RE-VISUALIZING CARE: the digital assemblage

beyond rubbings


The rubbings are also abstract and partial. For despite several preparatory studies, I understood only moments into my first rubbing—a stack of four blue metal-legged student chairs—that I had miscalculated the effort (a feeling and practice not unlike the daily work of teaching—re-evaluating a prepared lesson when, for any number of reasons, it doesn’t work in the moment). I hadn’t anticipated the awkwardness of meeting three-dimensional in-situ objects two-dimensionally. And the set up—wrangling large sails of translucent paper, wrapping the objects like form-fitting presents, dragging over chairs and tables to stand on—took much longer than the mark-making. I knew by 8:15 that I would only be able to cover a fraction of the space. So I aimed for a representational selection and set about, moving methodically from one station to the next, working hurriedly against the clock for by end of day, the school would be locked, objects removed for summer storage, and classrooms scrubbed clean of the year. The chart below contains a catalogue of the objects and surfaces that I rubbed and didn’t rub:

Doing the project was in some way an attempt to pin something down. Like, I can tell you that this is true. That these objects were there. That this is how big they are and how much space they take up and the side curves around just so. It’s a little like the evaluations themselves. Measuring the measurable. Even if I were able to cover every inch and curve, every object and plane of Betty’s classroom, the project could only ever be half done. Rubbing out the shape of the bookshelf ultimately says very little about the books that are on it. About who reads them and the pedagogy that shapes their discussion and analysis. About how the school or teacher decided to purchase them and use them in her class. About what happens in front of or next to or in the presence of that bookcase from 8:30AM-3:00PM Monday through Friday September through June. And yet, these images don’t aim or claim to measure. They are (and I am) interested in feeling and telling. And as sites of feeling and telling (however incomplete), they are valuable. 

 
The teacher evaluations, relying largely on student test scores[i], can also only measure (and thus value) a tiny sliver of school life. As a result, what is valued in school is what is measured—the way a collection of students responds to a particular series of standardized test questions on a particular day at a particular time. This project asks questions about how to value what goes on in classrooms that doesn’t leave a visible trace. How to see and convey all the learning that happens outside of those test questions, students’ and teachers’ personal lives and experiences—race, class, culture, and community, or the school’s administrative dynamics. How to represent and recognize teachers’ emotional, physical, or pedagogical carework. 
 
conclusion
In their stray marks, wobbly lines, and the labored translation of three dimensions into two, the rubbings also tell a story about the challenge (impossibility?) of representation. Even the certainty of holding an object in one’s hands, delineating it inch by inch beneath the onion skin paper surface, is awkward and not as simple as it seems and some objects don’t really come through and sometimes the results are difficult to make out. Limited as they are, the rubbings function as a rich tool of visual ethnography making space to witness, reflexively locate, and engage modes of sensuous knowledge. I could make a long list of all that the rubbings leave out in terms of the physical space as well as the relational, emotional, social and pedagogical qualities/ feelings/ sounds/ activities of the room. However, in their depth and dimensions, the specificity of the work, and their very partiality, they draw our eye to the magic of the situated and local (referencing Phelan 1993 in Mackler & Santoro, 2002, p.116). They tell the story of both the very particular spaces and things and social locations of Betty’s math classroom, as they remind us of all that can’t be seen and known about the ever-changing, relational, and ephemeral pedagogical moment. As Orner, Miller, and Ellsworth write (2005, p.126),

Situated pedagogy under current regimes of efficiency and accountability, is vulnerable to charges of valuelessness because it honors the idea that a limited number of people in a specific time/space frame can have an experience of value that leaves no visible trace afterward and cannot be reproduced. 

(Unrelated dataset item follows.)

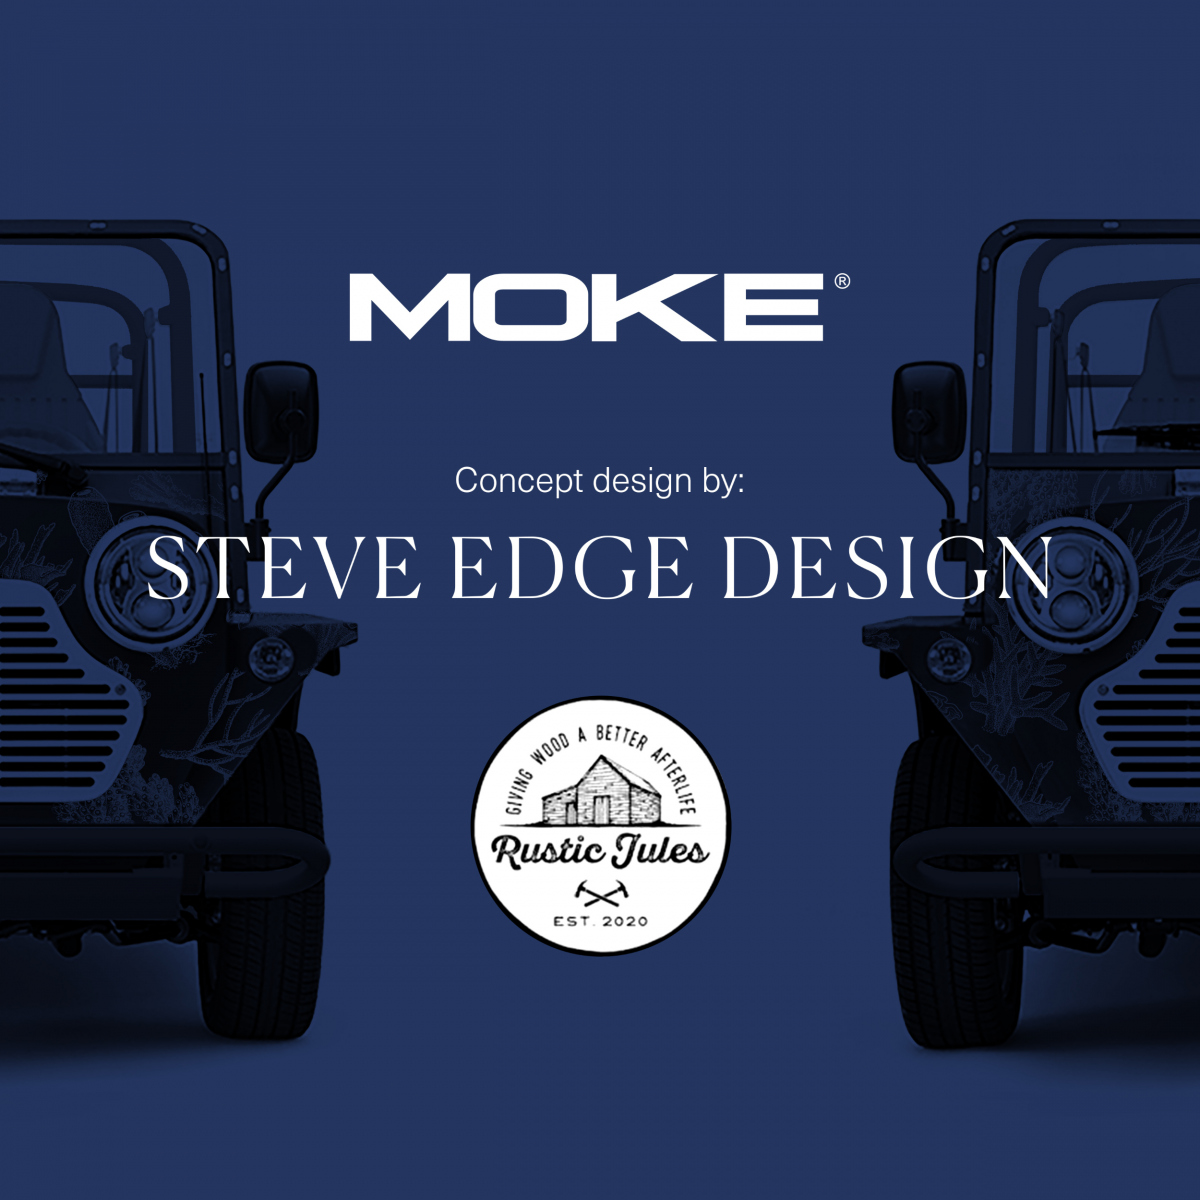 Two special edition Electric MOKEs designed by Steve Edge raise £450,000 for Blue Marine Foundation at Monaco Yacht Show

In this way, in all that the rubbings do not convey, in their subjectivity and partiality, they call attention to the irreducibility of teaching work, the limitations of our vision and the value of the invisible (Mackler & Santoro, 2002, p.114). The rubbings trace the teachers’ spaces and their care for students and community with and through those spaces, as they mark invisibility—delineating the shapes of all that we can’t see and know about teaching work and care.

[i] Although the Advance teacher evaluation system is based on a rubric where 40% of a teacher’s grade is determined by their value-added rating (students’ yearly progress on test scores), the test scores are weighted more heavily. Thus, as the progressive caucus, Movement of Rank and File Educators (MORE) explains, “teachers who are measured ineffective on the test-based component of the evaluation must be labeled ineffective overall, no matter what they receive from their principal based on the observation of their teaching. The test-based component, 40% of teachers’ evaluations, outweighs the observation component, which is 60% (2013, emphasis in original).